Wrist pain caused by excessive use of the instant messaging app
“The diagnosis for the bilateral wrist pain was WhatsAppitis.” And thus was born yet another new medical condition, the child of man’s union with technology. WhatsAppitis, a condition caused by the excessive use of the popular instant messaging app, WhatsApp, characterised by a typical wrist pain, comes in the hoary tradition of device-use related injuries.
The Lancet, which created all the buzz about WhatsAppitis with an article on the condition in its March 22 edition, also pointed out that worthy predecessors were Nintenditis (use of gaming devices) and Tenosynovitis (texting with mobile phones). WhatsAppitis was detected in a 34-year-old pregnant woman, the article says, with no other injury or trauma, but with a history of rapid messaging on WhatsApp.
While the term “WhatsAppitis” might seem to take the edge off a pretty serious injury, the pain it causes is neither imaginary not funny for the patient. It is real. “It is the way you use the touch screen, with your palm facing the device on either side and the thumbs flying at the screen that causes the problem,” says Prithvi Mohandas, Joint Managing Director, MIOT hospitals, and orthopaedic surgeon. “We’ve seen a lot of people with this kind of pain. We have also seen many from the IT sector, with injuries to the ulnar ligament, because of the way they use devices at work.”
“WhatsAppitis falls in the category of Repetitive Stress Injury. RSI has been occurring for a long while and, as indicated by the name, repetitive use of devices,” explains George Thomas, former editor, Indian Journal of Medical Ethics, and senior orthopaedic surgeon. “Essentially, RSI depends on the tool you use: earlier we found injuries with use of power tools, and now, as we change, it’s the mouse, keypad, mobile, tablet,” he explains.

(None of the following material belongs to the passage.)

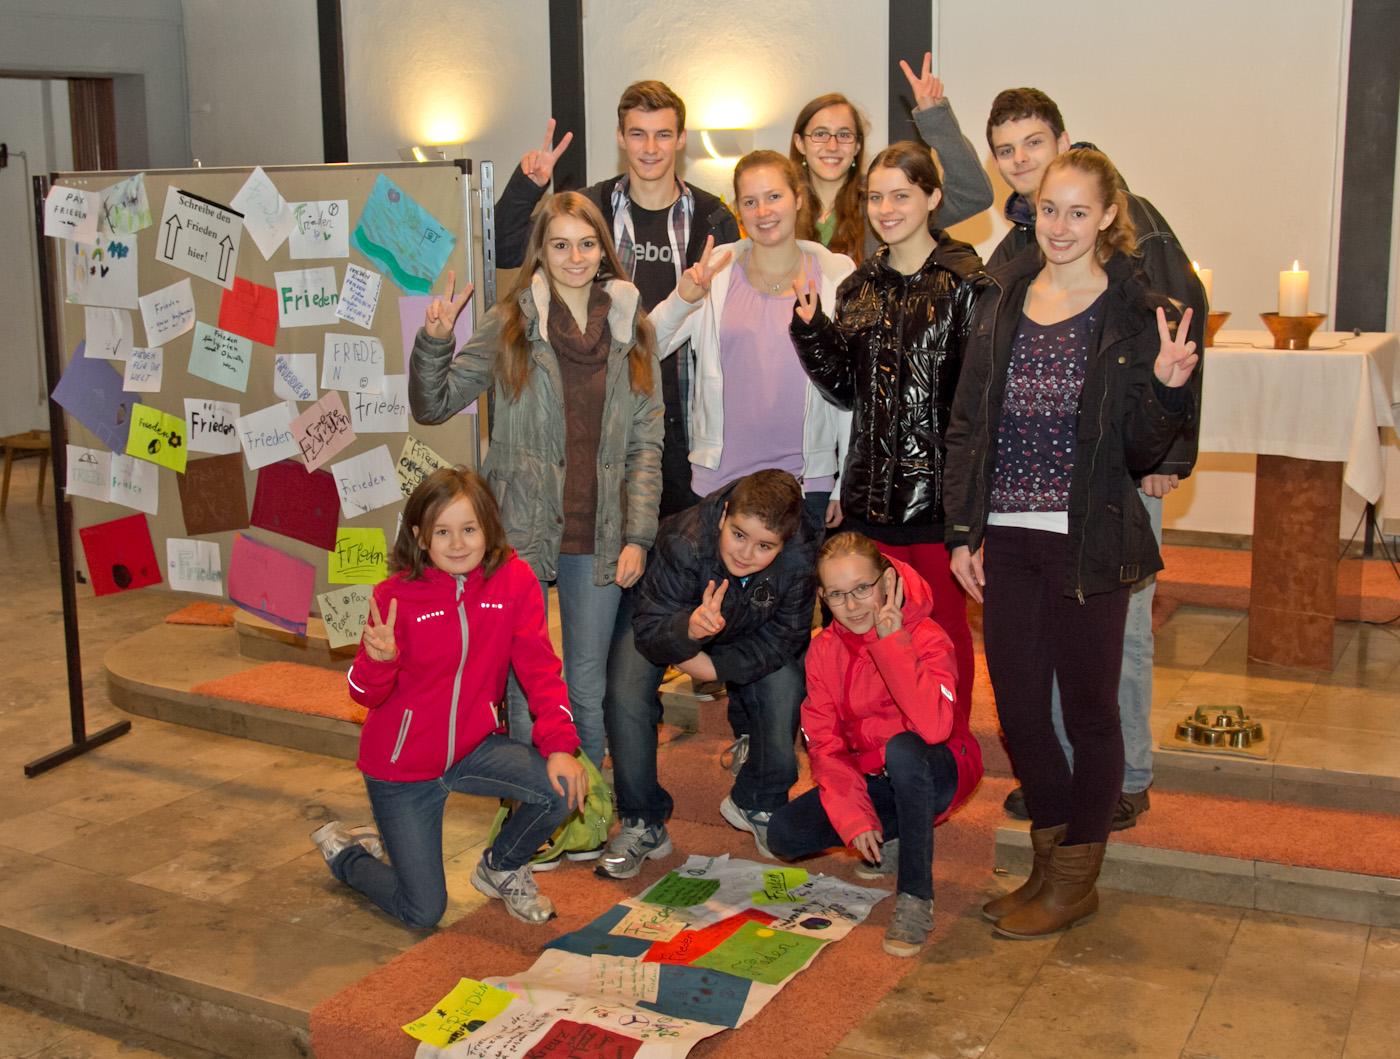 Die Ministranten der Pfarrgemeinde Heilig Kreuz in Auerbach - Friedensaktion

Dr. Thomas says he has many patients with RSI. “There was one patient who used to keep quarrelling with his wife because he was on the phone for too long. The more devices he acquired, the more bitter their quarrels got.”
The doctor’s prescription is to reduce the stress that causes the injury. “We have to live with what we have, it would be ridiculous to completely stop. But it is possible to reduce the usage,” he adds.
The patient described in The Lancet was clearly a severe case: she was advised “complete abstinence from using the phone to send messages.” Guess what? She did not follow it. It was New Year, and what’s the best way to exchange wishes on New Year’s Eve?